_WHAT YOU WILL DO_
Somewhere below are a line with "Rutland Swim Academy Case Study Header Image" and a later line with "Apple iPhone 6S". Output exactly those lines and all lines between them.
*** Opening of SOURCE MATERIAL ***
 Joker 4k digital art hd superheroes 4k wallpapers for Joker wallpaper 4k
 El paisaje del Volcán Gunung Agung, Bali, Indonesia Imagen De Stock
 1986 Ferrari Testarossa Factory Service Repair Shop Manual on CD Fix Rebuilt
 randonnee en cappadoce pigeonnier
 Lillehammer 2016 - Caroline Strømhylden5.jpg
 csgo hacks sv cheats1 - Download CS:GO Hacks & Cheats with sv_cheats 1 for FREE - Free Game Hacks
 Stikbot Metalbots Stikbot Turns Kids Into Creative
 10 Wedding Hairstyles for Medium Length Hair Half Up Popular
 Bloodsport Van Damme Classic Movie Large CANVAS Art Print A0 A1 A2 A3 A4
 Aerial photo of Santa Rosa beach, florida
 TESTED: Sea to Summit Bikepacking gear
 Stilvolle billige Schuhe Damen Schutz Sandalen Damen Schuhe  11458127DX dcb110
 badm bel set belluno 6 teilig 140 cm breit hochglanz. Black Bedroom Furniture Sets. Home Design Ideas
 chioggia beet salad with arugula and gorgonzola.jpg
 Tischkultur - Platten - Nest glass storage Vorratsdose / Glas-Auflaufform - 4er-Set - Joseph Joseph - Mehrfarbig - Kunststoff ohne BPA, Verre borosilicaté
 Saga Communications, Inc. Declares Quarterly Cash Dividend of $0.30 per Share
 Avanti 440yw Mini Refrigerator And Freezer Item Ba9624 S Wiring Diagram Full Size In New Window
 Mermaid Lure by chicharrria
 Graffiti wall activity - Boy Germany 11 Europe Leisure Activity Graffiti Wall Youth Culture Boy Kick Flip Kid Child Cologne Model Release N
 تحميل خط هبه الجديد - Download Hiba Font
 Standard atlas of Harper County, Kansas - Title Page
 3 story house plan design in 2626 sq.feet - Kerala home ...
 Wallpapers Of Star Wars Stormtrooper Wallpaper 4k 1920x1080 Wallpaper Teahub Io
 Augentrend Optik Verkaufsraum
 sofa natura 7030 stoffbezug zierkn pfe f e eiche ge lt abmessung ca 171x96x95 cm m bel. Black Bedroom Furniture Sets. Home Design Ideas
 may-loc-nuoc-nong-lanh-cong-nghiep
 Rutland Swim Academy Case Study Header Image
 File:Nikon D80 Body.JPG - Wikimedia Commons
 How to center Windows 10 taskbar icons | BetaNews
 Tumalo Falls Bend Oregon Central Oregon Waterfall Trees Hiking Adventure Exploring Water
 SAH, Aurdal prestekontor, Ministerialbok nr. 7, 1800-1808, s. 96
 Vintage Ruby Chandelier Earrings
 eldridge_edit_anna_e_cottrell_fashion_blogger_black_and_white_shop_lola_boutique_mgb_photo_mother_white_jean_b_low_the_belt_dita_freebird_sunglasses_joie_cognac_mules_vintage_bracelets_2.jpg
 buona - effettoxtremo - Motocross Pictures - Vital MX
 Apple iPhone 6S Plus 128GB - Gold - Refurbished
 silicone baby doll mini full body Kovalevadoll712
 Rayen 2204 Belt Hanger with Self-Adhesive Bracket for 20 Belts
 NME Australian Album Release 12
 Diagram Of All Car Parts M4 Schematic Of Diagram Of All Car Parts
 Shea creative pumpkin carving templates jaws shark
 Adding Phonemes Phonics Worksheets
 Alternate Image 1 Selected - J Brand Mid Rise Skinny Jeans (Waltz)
*** Close of SOURCE MATERIAL ***
_FINISHED EXERCISE_
 Rutland Swim Academy Case Study Header Image
 File:Nikon D80 Body.JPG - Wikimedia Commons
 How to center Windows 10 taskbar icons | BetaNews
 Tumalo Falls Bend Oregon Central Oregon Waterfall Trees Hiking Adventure Exploring Water
 SAH, Aurdal prestekontor, Ministerialbok nr. 7, 1800-1808, s. 96
 Vintage Ruby Chandelier Earrings
 eldridge_edit_anna_e_cottrell_fashion_blogger_black_and_white_shop_lola_boutique_mgb_photo_mother_white_jean_b_low_the_belt_dita_freebird_sunglasses_joie_cognac_mules_vintage_bracelets_2.jpg
 buona - effettoxtremo - Motocross Pictures - Vital MX
 Apple iPhone 6S Plus 128GB - Gold - Refurbished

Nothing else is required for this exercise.